The opener, rap crossover The Magnificent Seven, remains one of the all-time top-Clash tracks. A peerless portrayal of 9 til 5 work alienation ("Clocks go slow in a place of work/ Minutes drag and the hours jerk"), arse-licking ("you can be true, you can be false, you'll be given the same reward"), capitalist exploitation ("You lot! What? Don't stop! Give it all you got!"), it manages to condense incredibly sophisticated concepts in a handful of couplets:

"So get back to work an' sweat some more
The sun will sink an' we'll get out the door
It's no good for man to work in cages
Hits the town, he drinks his wages"

Bono once said that Sandinista is like an atlas. Clash fans would simply listen to it and learn about what was going on in all corners of the planet. In fact, the title itself is about the late 70s and early 80s' Nicaraguan left-wing guerrilla that famously fought the US-backed Somoza dictatorship. Unafraid of press criticism, The Clash declared their heartfelt support and took to wearing the Sandinistas' colours on stage.

Washington Bullets, with Mick Jones on lead vocals, is about America's support for right-wing paramilitary death squads across the planets. Quite a poignant theme in the wake of George W Bush's lopsided support for world democracy. Broadway is a dysfunctional and heartbreaking tale of homelessness and rich/poor divide, while Ivan Meets G.I. Joe is a snapshot of coldwar paranoia.

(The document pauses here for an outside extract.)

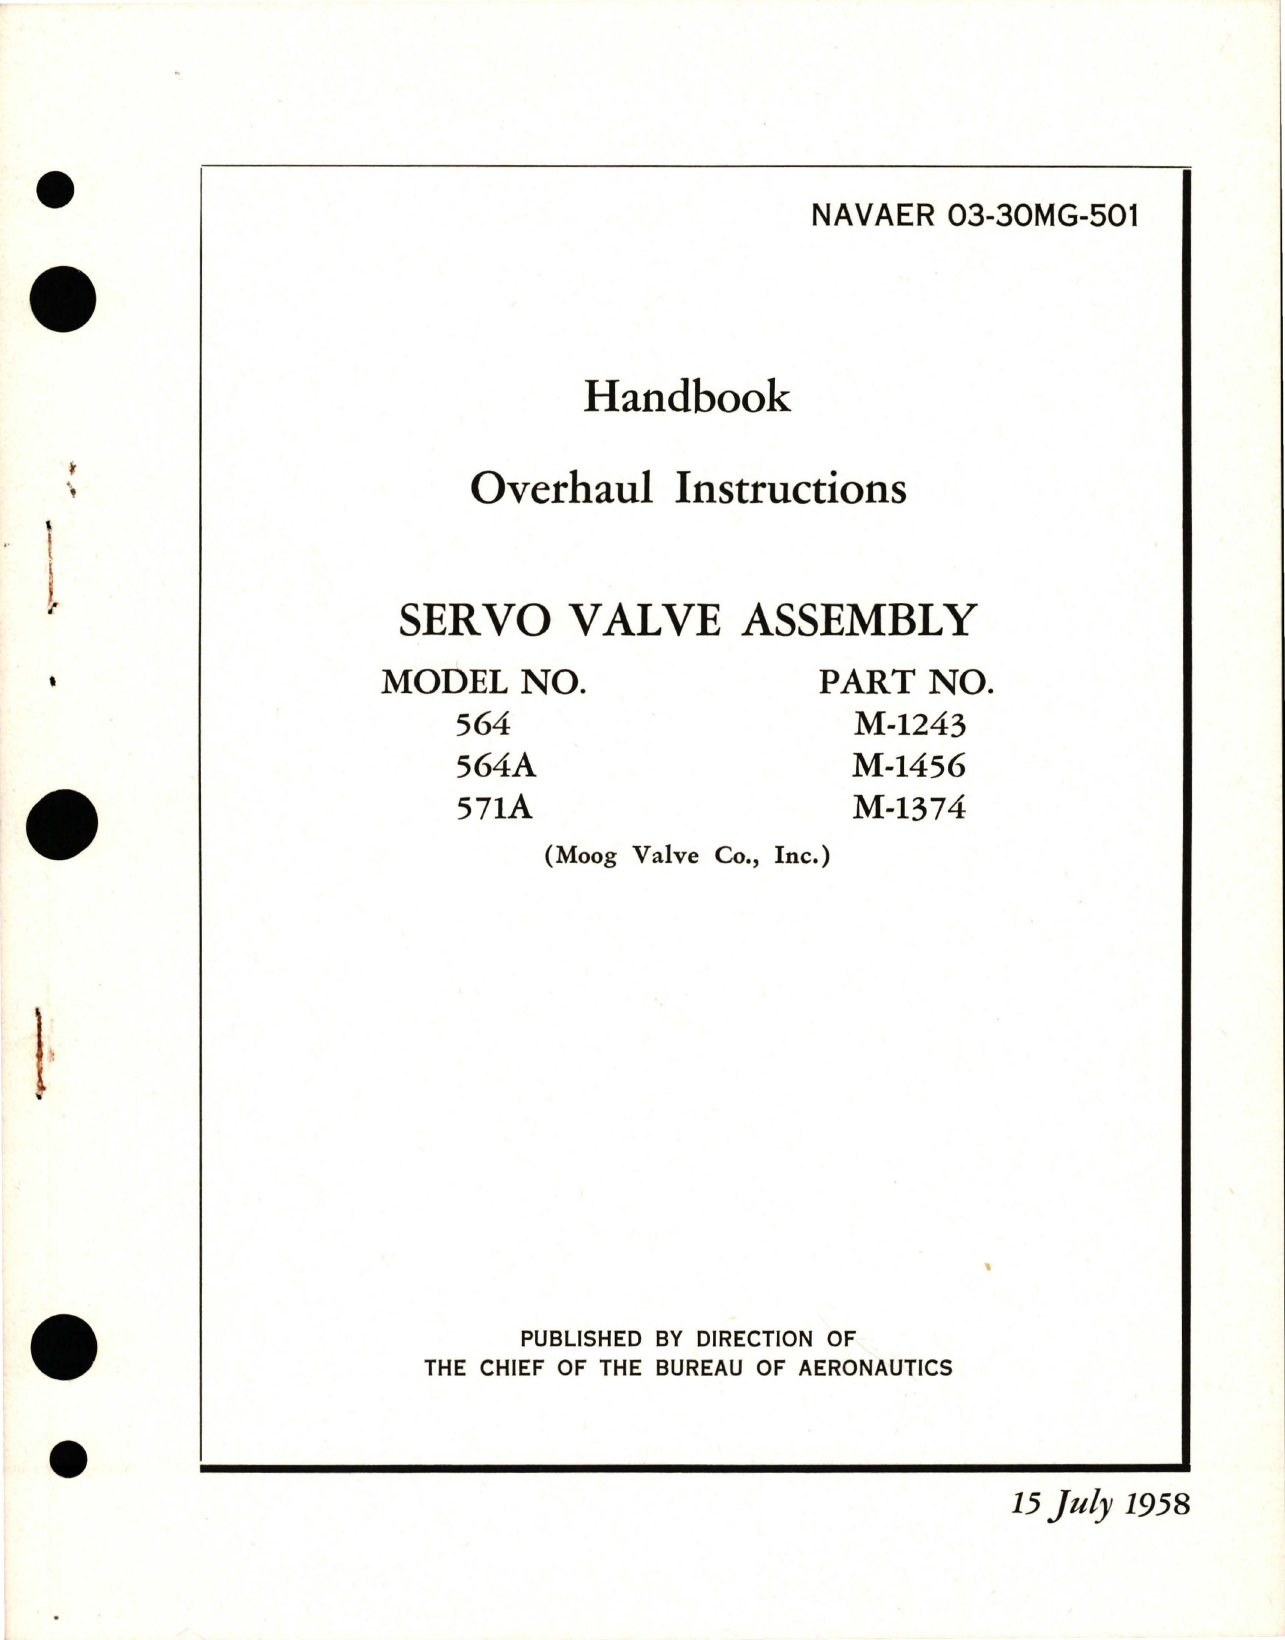 Sample page 1 from AirCorps Library document: Overhaul Instructions for Servo Valve Assembly - Model 564, 564A, and 571A
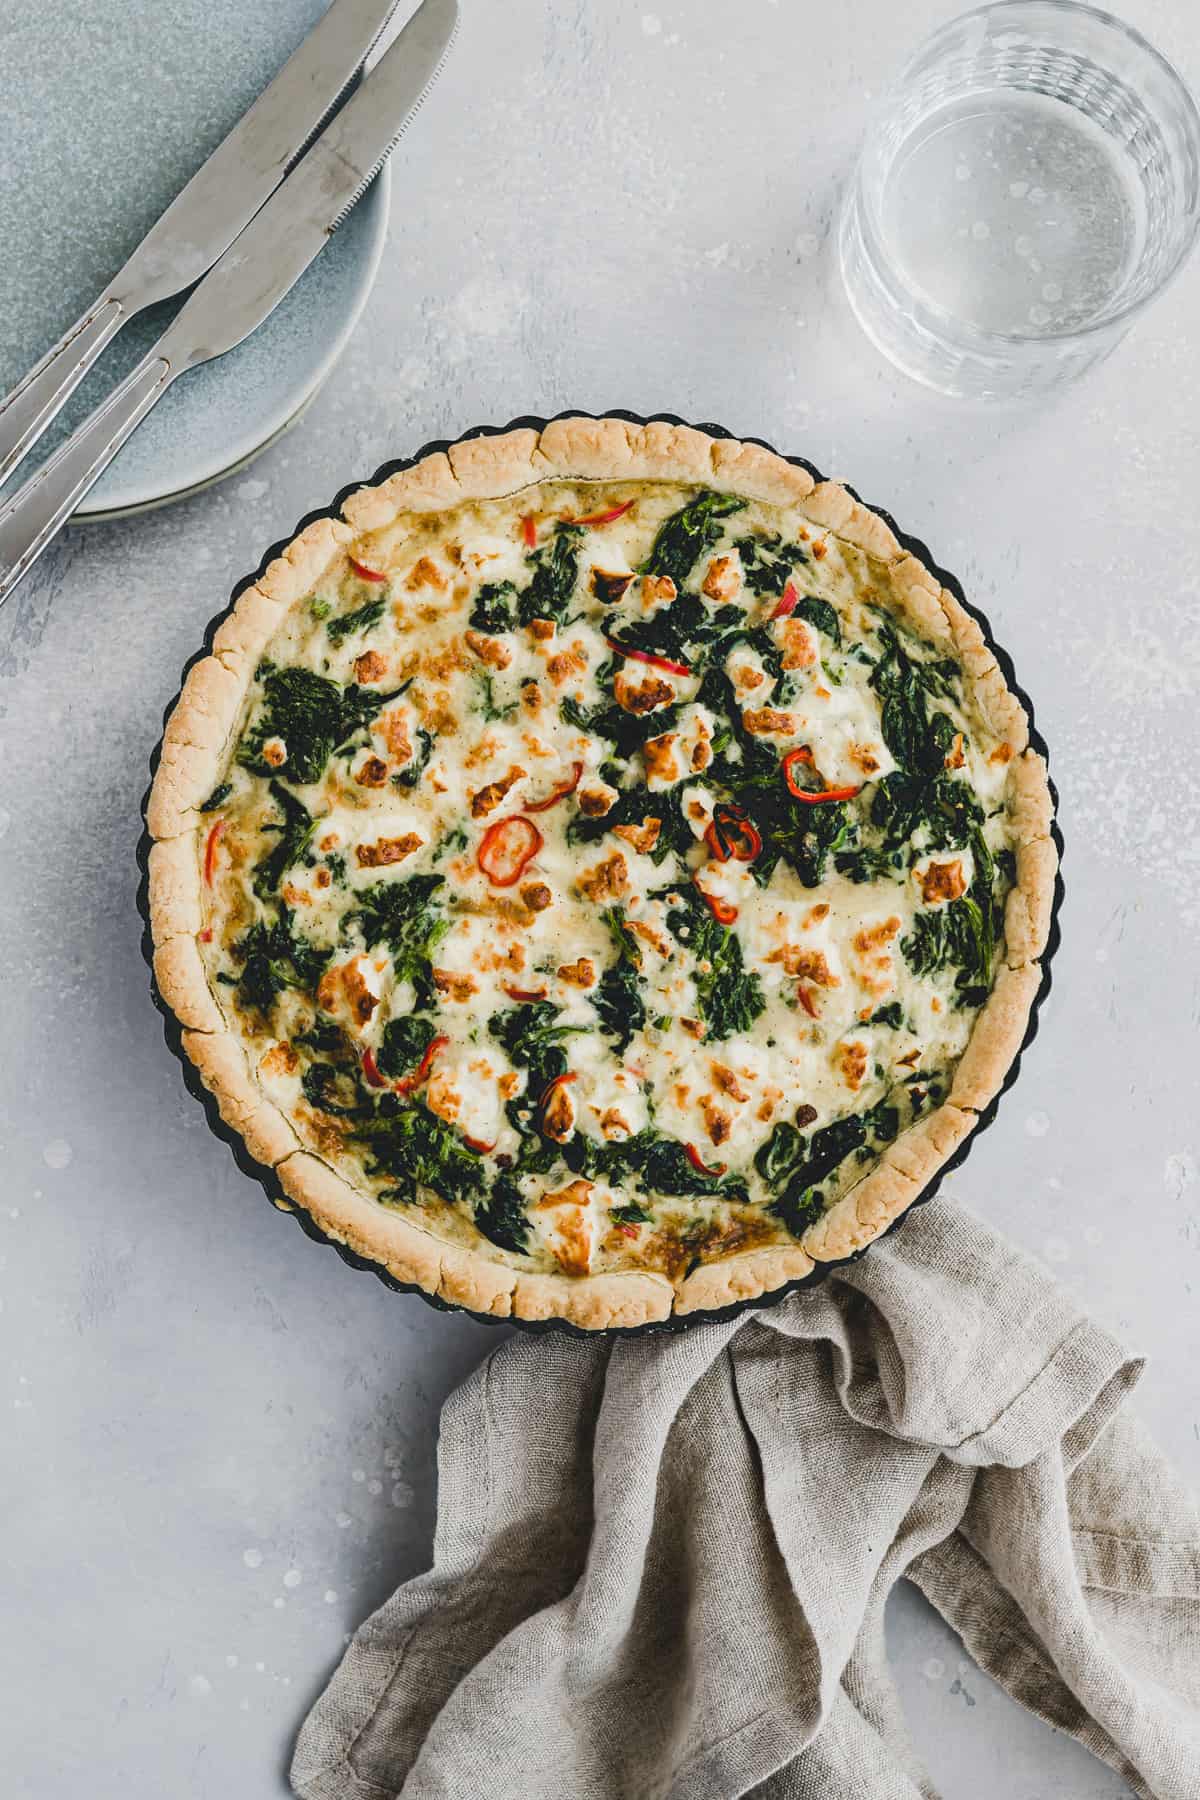 spinach feta quiche next to a glass of water and two plates

Something About England is a reminder that Olde England wasn't all flowers, chocolate and gentlemen in caps:

"There was masters an' servants an' servants an' dogs
They taught you how to touch your cap
But through strikes an' famine an' war an' peace
England never closed this gap"

A few years before his premature death, Strummer said of Sandinista, "I wouldn’t change it even if I could". To us, that counts more than a hundred lazy reviews.